# Cosa vuol dire GeCHI ?.... Sbizzarritevi!

## codadilupo

Il poll ha durata di 15 giorni a partire da.... adesso!

Coda

----------

## codadilupo

so di andare contro corrente ma, personalmente, preferisco la seconda opzione, perché le altre soluzioni (fin'ora) non riescono a inserire l'idea della copaternità svizzera del progetto... 

Coda

----------

## shev

Aggiungo un dettaglio: se qualcuno ha qualche altra proposta la posti pure, varrà come nuovo candidato e come voto. Chi vorrà votare l'eventuale nuovo condidato basterà che posti a sua volta un messaggio in cui lo dice, verrà così conteggiato nel computo finale.

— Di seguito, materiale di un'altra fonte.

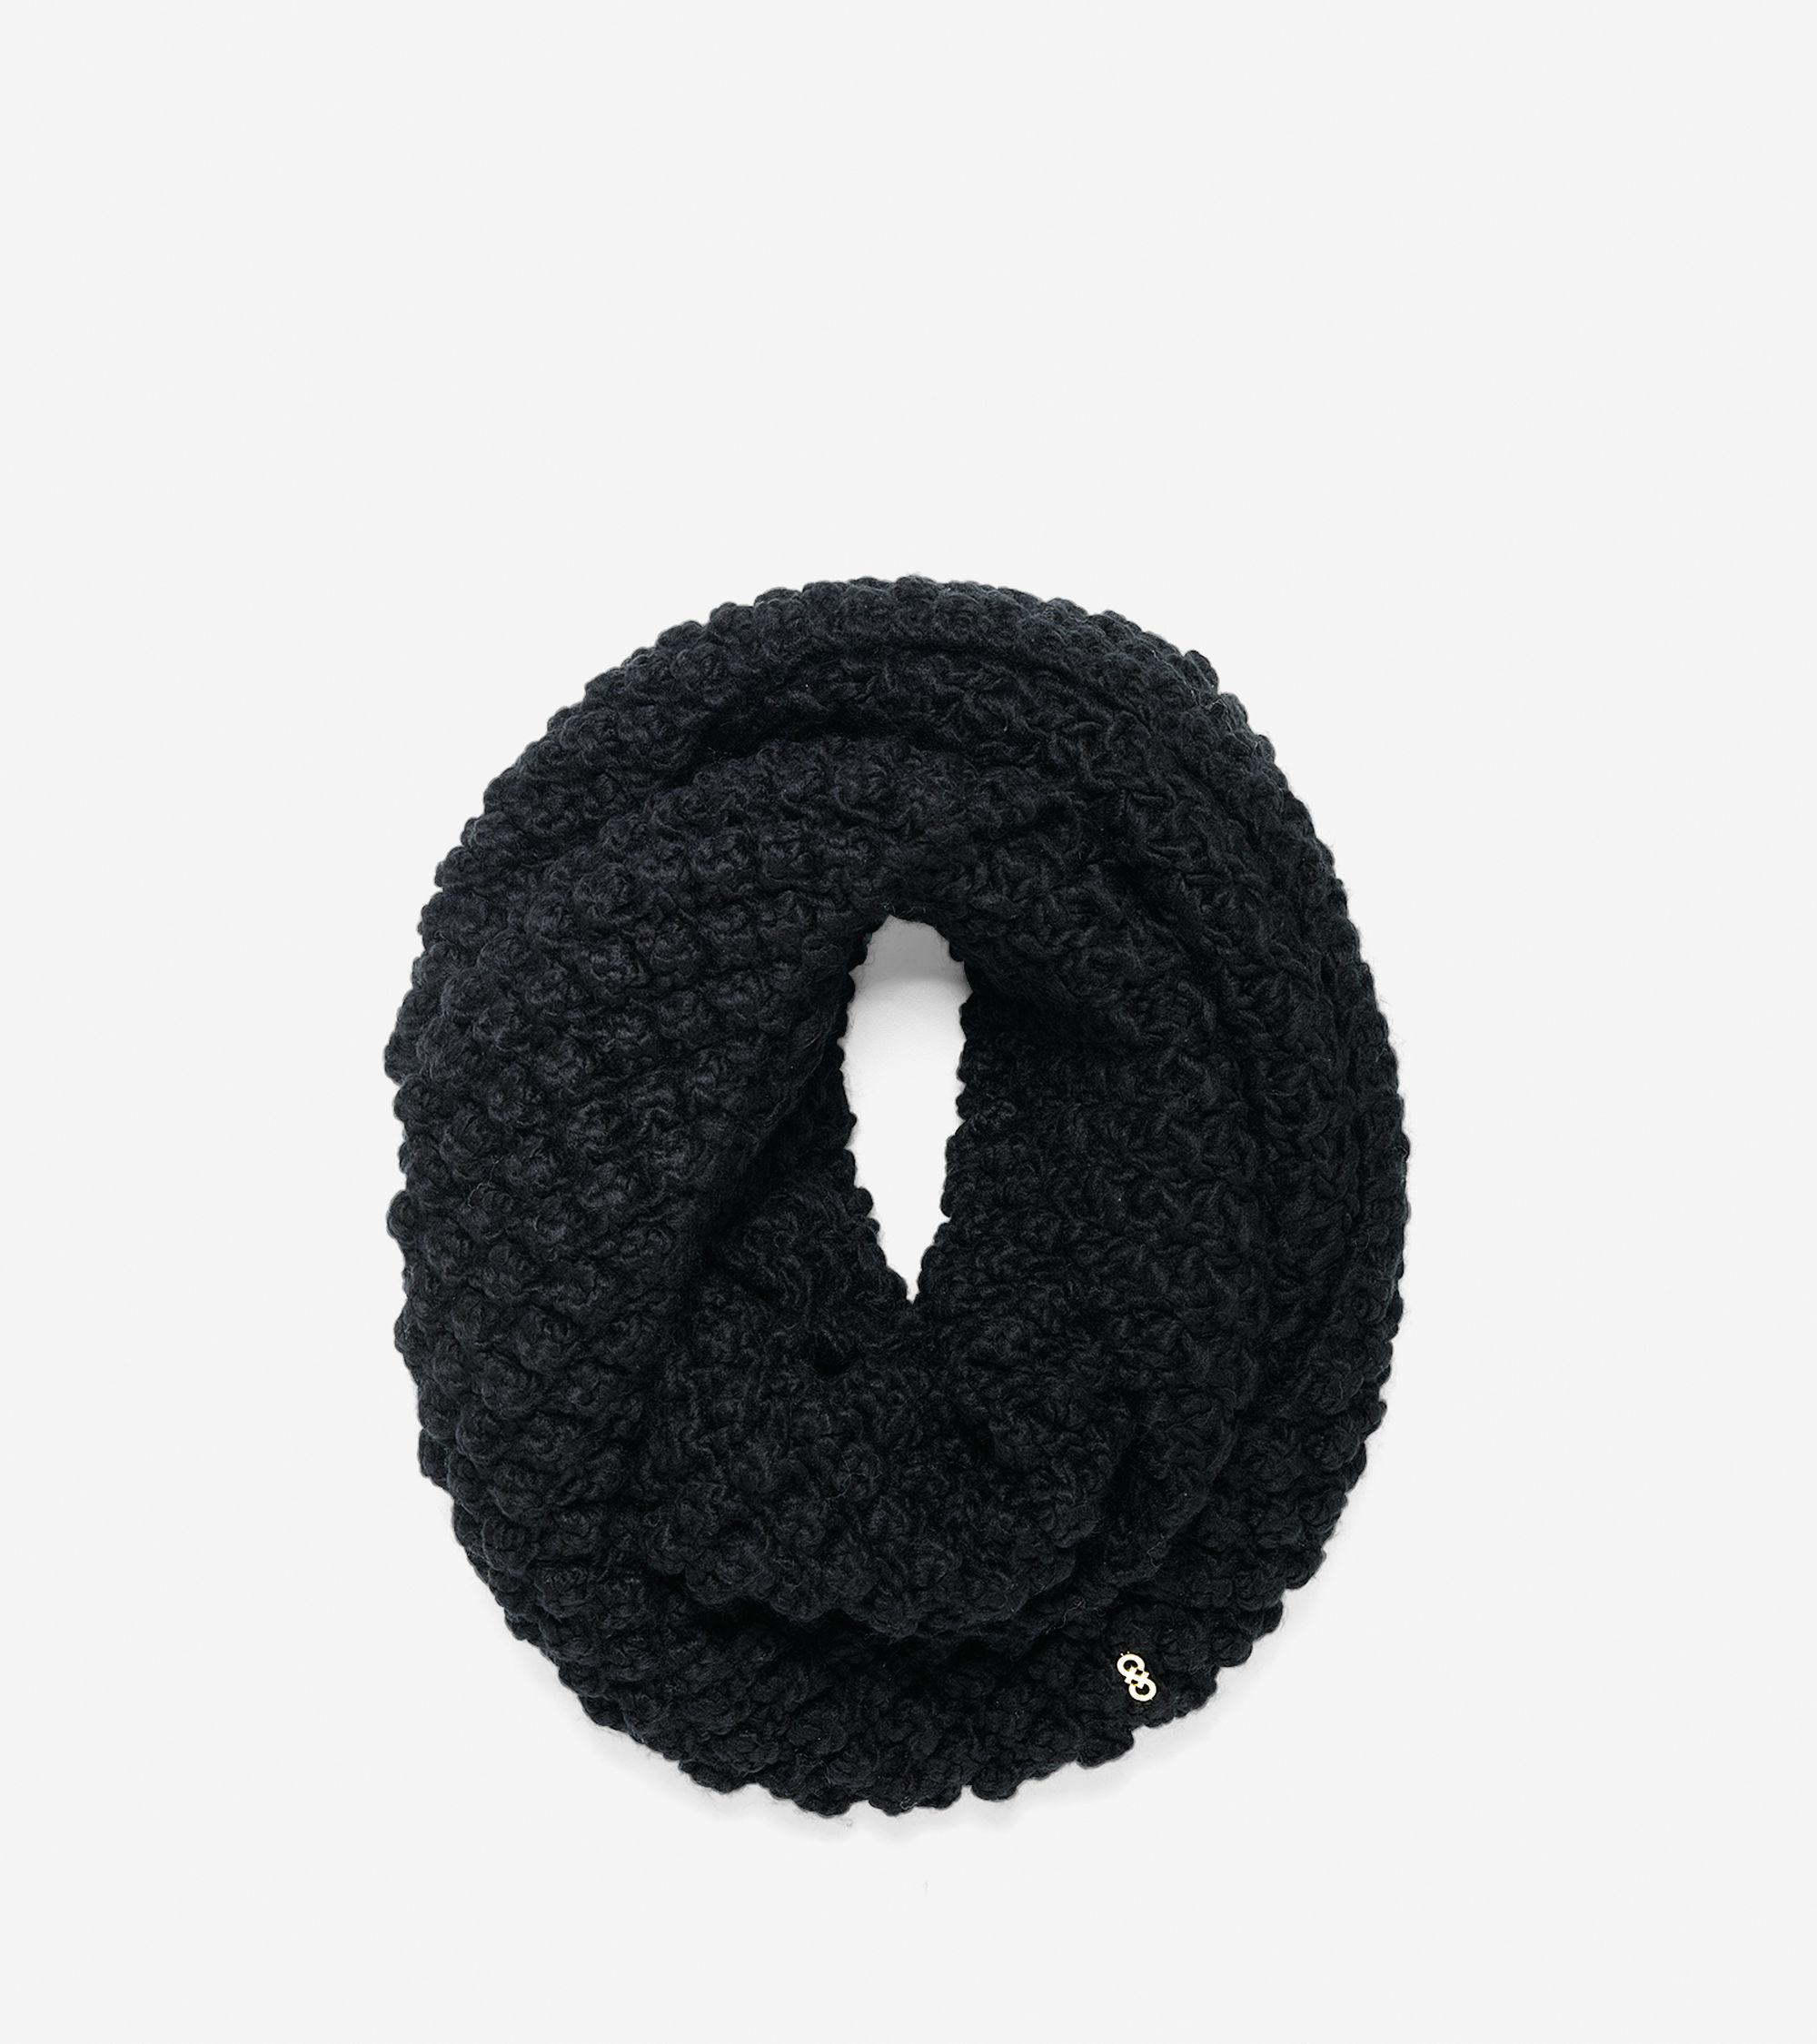 Lyst - Cole Haan Popcorn Stitch Infinity Scarf in Black

Per il resto valgono le solite "regole": evitate assolutamente di commentare, date il voto e basta (per non creare un topic chilometrico inutilmente), votate una sola volta.

Buon poll a tutti

----------

## fedeliallalinea

Starebbe bene anche Gentoo Caos Italiano  :Very Happy:   :Very Happy:   :Very Happy: 

----------

## cerri

Forse vado controcorrente io: ma GeCHI non era stato scelto giù come acronimo?

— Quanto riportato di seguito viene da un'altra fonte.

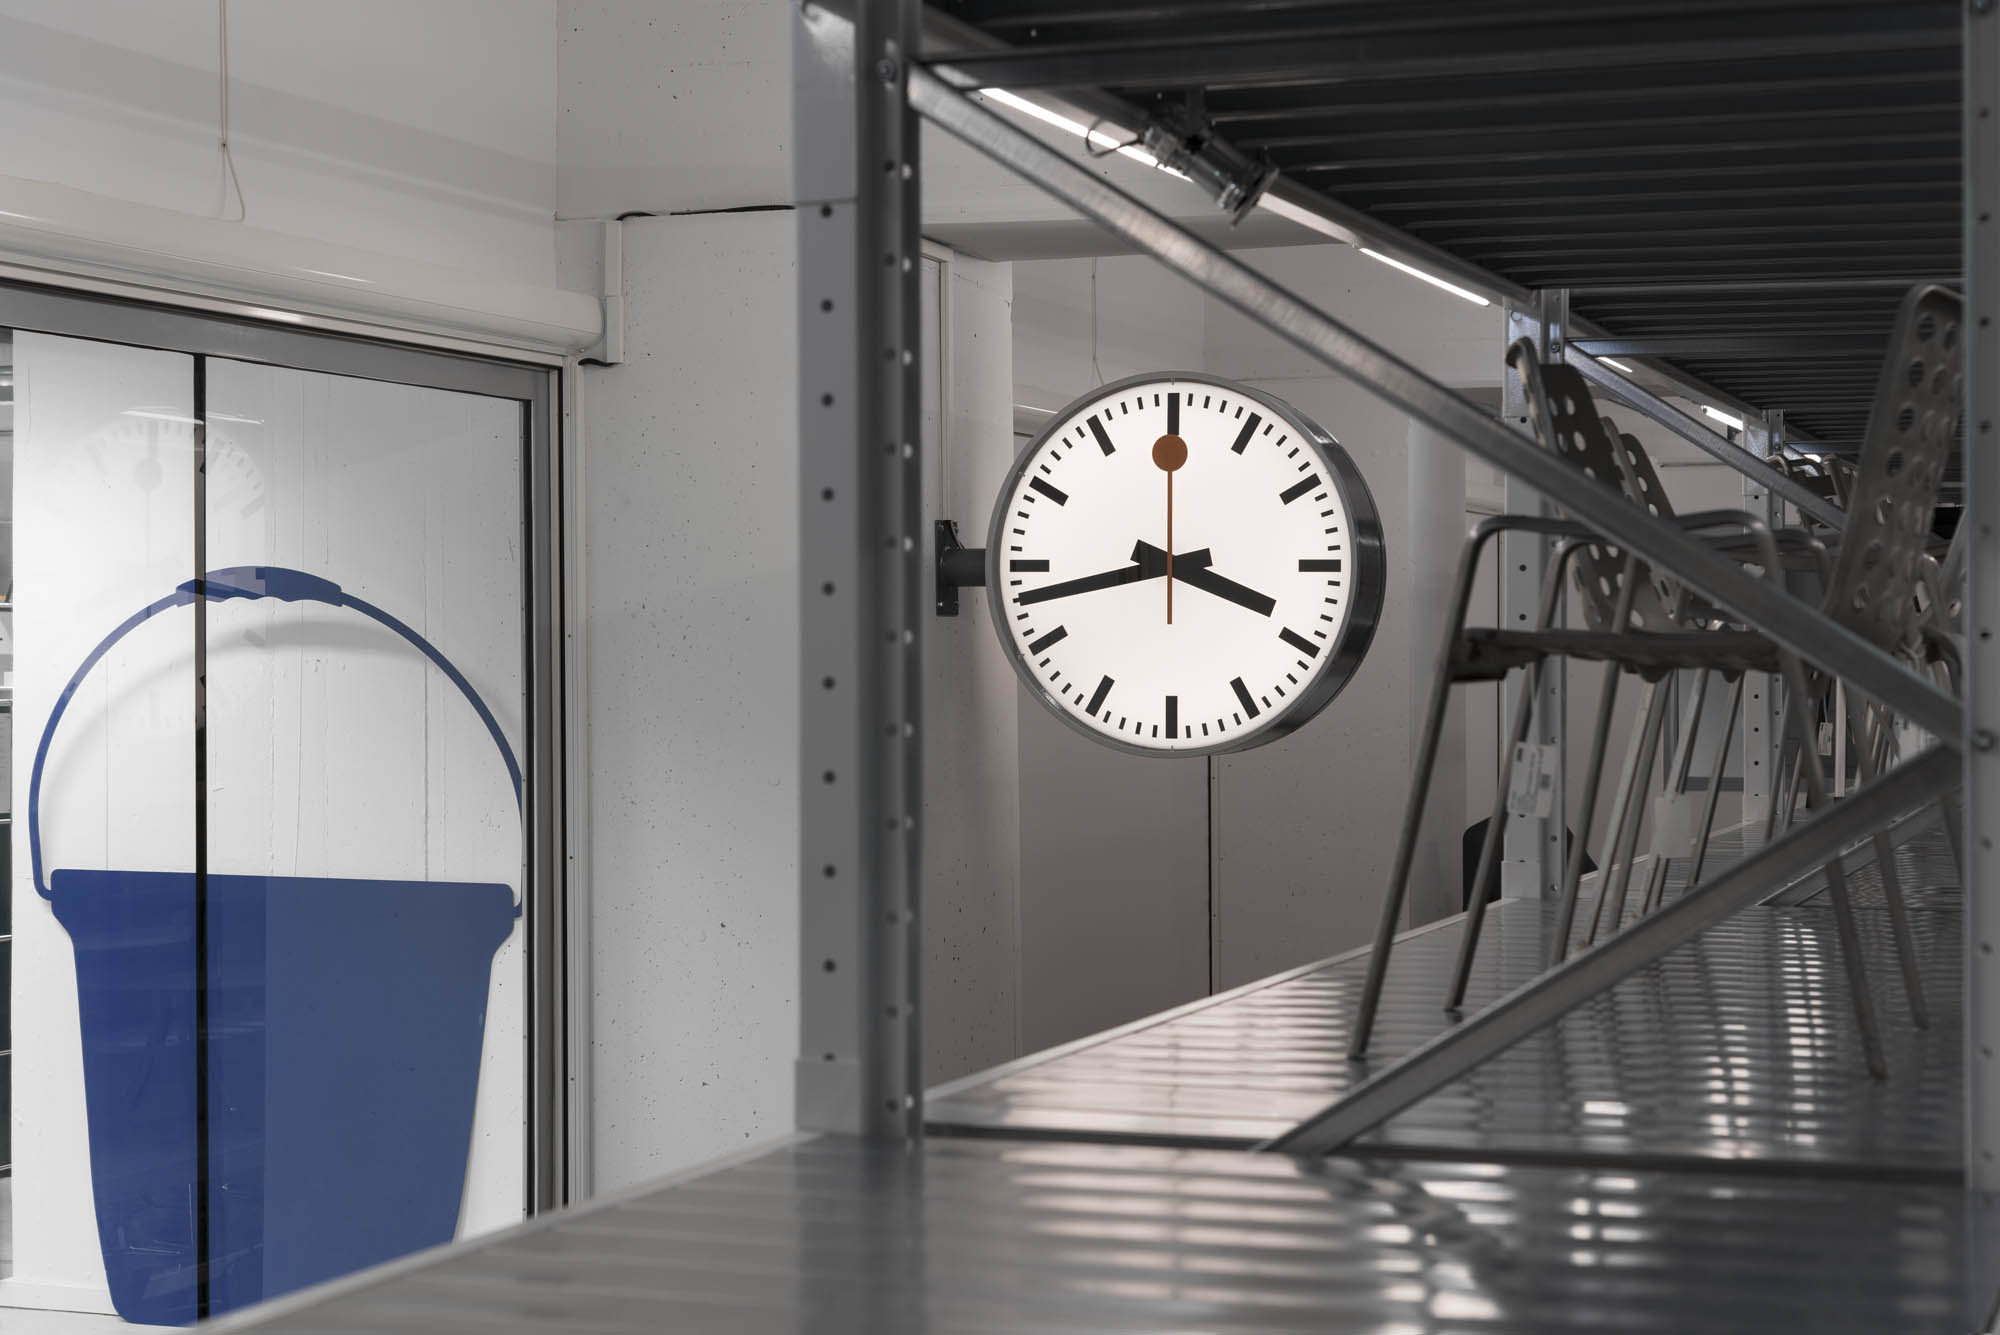 SBB Bahnhofsuhr Hans Hilfiker Horloge

Se si lo trovo brutto da cambiare   :Sad: 

----------

## codadilupo

 *fedeliallalinea wrote:*   

> Starebbe bene anche Gentoo Caos Italiano   

 

 *dizionario wrote:*   

>  Pagina 71
> 
> Caos (dal latino chaos e dal greco ...)
> 
> Nella cosmologia greca, il chaos è l'insieme disordinato e indeterminato degli elementi materiali che preesistono al kosmos, al tutto meravigliosamente ordinato. Oggi, almeno per i matematici e i fisici, la parola caos ha un signfficato decisamente meno generale. E anche piú deterministico. Il caos, anzi il caos deterministico, è la scienza che studia i grandi effetti provocati da piccole cause. O, in termini piú rigorosi, la dinamica dei sistemi non lineari e, comunque, dei sistemi divergenti. Sistemi cosí sensibili alle condizioni iniziali che la loro evoluzione nel tempo (almeno in un tempo medio-lungo) risulta, di fatto, imprevedibile.
> ...

 

Coda

----------

## shev

 *cerri wrote:*   

> Forse vado controcorrente io: ma GeCHI non era stato scelto giù come acronimo?

 

Bhe, se n'era scelto uno per dare un senso al nome, ma molti avevano manifestato perplessità e s'era rimasti con quella di definirlo per bene nel caso gechi avesse vinto il poll. O questo almeno è quello che ricordo. Tanto il favorito resta il significato originale, ma metti che qualcuno ha il colpo di genio  :Wink: 

----------

## Peach

 *l0rdt wrote:*   

> Proposta:
> 
> Ge = "Gentoo(ists)"
> 
> CH = "Confederatio Helvetica" (?)
> ...

 

no no piano!!! qui non si tratta di cambiare il nome del gruppo, ma definire il significato dell'acronimo!!!

a mio parere si potrebbe tenere:

GeCHI

Gentoo Channel [Confoederatio Helvetica - Italia]

----------

## MyZelF

Io ho votato per Gentoo Channel Italia.

Non me ne vogliano gli amici svizzeri, ma suona decisamente meglio! Inoltre mesi fa, al momento di votare per la scelta del nome del gruppo, avevo votato Gechi perchè l'acronimo era stato inizialmente presentato con questo significato (Gentoo Channel Italia, per l'appunto).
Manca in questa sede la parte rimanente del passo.